2
votes

This excerpt is from Cracking the Coding Interview 5th Edition

Numbers are randomly generated and stored in an (expanding) array. How would you keep track of the median

The author walked us through a solution based on heaps:

A heap is really good at basic ordering and keeping track of max and mins. This is actually interesting - if you could keep track of the bigger half and the smaller half of the elements. The bigger half is kept in a min heap, such that the smallest element in the bigger half is at the root. The smaller half is kept in a max heap such that the biggest element of the smallest half is at the root. Now with these data structures, you have the potential median elements at the root." If the heaps are no longer the same size, you can quickly "rebalance" the the heaps by popping an element off the heap and pushing it to the onto the other

I have a couple questions about this approach by I ask them one at a time to keep it organized. First of all, using this approach, if you iterate through the elements in the array, how would you know a specific element belongs in the min heap or the max heap as described by the algorithm?

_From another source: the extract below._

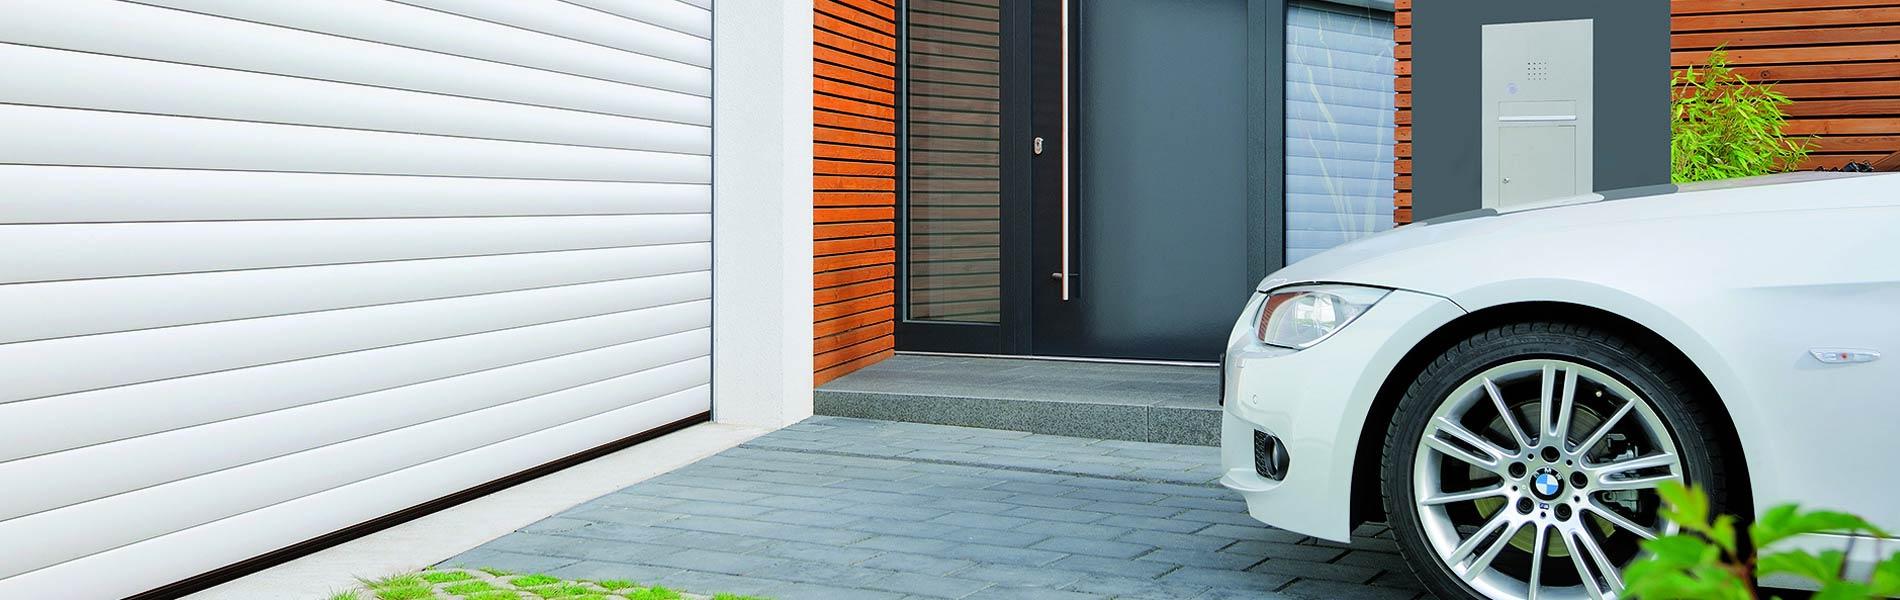 Community Garage Door Service Emergency Garage Door

Say our data elements are [20, 39, 14, 7, 86, 90]. When you iterate the array, what heap would you put, lets say 20?

2

2 Answers

2
votes

Each time you're inserting an element, check the minimum of the min heap and the maximum of the max heap to see which heap each element belongs in.

When you see 20, both heaps are empty, so it doesn't matter -- let's say in case of a tie we'll put elements in the max heap of smaller elements.

[20] []

When you see 39 it's bigger than 20, so it goes in the upper heap

[20] [39]

14 is lower than 20, so it goes in the lower heap

[14, 20] [39]

7 is lower than 20, so it goes in the lower heap, but the lower heap is too big now, so 20 comes out of the lower heap and into the upper heap.

[7, 14] [20, 39]

86 > 20, so it goes into the upper heap

[7, 14] [20, 39, 86]

90 > 20, so it goes into the upper heap, but the upper heap is too big now, so 20 comes out of the upper heap and back into the lower heap

[7, 14, 20] [39, 86, 90]

Which way things get balanced doesn't matter -- perhaps you should stick with the lower heap has size <= the upper heap size, or vice versa -- but you will need to keep it balanced.

0
votes

Here's one way to fill in the details.

We maintain the following invariants.

  1. The multiset union of the contents of the min heap and the max heap are the input so far.

  2. All elements in the max heap are not greater than than all elements in the min heap.

  3. The size of the min heap minus the size of the max heap is zero or one.

To scan a new element, we insert it into the min heap. The difference in sizes is now one or two. If it's two, we pop the min element from the min heap and insert it into the max heap, restoring invariant 3.

The median is either the min element in the min heap or the mean of that element and the max element in the max heap, depending on whether the size difference is one or zero.